Instructions for the task –
Looking at the material below, work out how many of its lines hold the string "Suite". Give that figure alone.
*** Records for this task Section Begins ***
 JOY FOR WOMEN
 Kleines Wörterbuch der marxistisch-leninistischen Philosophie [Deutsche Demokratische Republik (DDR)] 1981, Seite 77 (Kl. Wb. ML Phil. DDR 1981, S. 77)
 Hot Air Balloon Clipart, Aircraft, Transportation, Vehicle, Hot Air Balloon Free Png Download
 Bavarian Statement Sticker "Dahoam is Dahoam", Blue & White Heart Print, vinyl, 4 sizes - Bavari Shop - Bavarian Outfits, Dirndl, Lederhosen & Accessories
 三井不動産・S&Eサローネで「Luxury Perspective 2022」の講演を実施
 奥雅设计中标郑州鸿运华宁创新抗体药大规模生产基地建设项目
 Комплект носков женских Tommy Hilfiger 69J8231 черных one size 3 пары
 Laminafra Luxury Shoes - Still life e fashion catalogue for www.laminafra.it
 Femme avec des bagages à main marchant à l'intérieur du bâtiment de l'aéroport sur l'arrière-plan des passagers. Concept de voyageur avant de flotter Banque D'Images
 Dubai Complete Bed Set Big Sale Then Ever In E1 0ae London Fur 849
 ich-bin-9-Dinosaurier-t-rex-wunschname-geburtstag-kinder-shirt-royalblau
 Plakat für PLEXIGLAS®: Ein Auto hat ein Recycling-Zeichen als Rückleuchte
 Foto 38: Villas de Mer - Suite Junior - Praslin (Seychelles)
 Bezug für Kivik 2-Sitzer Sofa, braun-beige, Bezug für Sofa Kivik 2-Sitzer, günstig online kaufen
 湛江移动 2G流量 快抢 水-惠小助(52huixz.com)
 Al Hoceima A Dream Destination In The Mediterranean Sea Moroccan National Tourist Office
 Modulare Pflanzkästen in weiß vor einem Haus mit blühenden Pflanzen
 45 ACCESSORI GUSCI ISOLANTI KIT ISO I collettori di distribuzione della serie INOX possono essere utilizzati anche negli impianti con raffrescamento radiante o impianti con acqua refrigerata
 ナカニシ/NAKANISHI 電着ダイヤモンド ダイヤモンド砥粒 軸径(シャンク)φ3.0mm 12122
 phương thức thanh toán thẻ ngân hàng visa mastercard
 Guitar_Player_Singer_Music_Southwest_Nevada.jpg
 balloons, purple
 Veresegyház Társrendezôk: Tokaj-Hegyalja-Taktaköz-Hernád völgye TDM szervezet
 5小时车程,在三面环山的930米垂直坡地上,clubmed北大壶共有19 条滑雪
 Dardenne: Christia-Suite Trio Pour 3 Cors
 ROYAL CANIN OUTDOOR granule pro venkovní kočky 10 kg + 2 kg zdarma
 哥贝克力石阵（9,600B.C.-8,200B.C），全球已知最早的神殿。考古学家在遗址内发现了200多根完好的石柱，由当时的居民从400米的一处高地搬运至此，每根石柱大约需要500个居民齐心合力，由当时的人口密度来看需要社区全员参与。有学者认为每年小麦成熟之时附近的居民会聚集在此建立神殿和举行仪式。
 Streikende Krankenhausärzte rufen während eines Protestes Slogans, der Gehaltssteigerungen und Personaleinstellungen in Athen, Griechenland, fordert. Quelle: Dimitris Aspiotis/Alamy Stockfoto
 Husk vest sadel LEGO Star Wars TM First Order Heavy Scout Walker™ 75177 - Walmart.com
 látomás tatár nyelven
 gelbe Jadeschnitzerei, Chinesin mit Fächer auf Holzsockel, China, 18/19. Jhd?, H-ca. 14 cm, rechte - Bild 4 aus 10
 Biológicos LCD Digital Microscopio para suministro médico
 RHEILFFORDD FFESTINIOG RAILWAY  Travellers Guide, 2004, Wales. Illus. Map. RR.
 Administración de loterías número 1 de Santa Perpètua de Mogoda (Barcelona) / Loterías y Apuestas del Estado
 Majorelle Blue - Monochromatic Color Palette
*** Records for this task Section Ends ***
Solution for this exercise –
2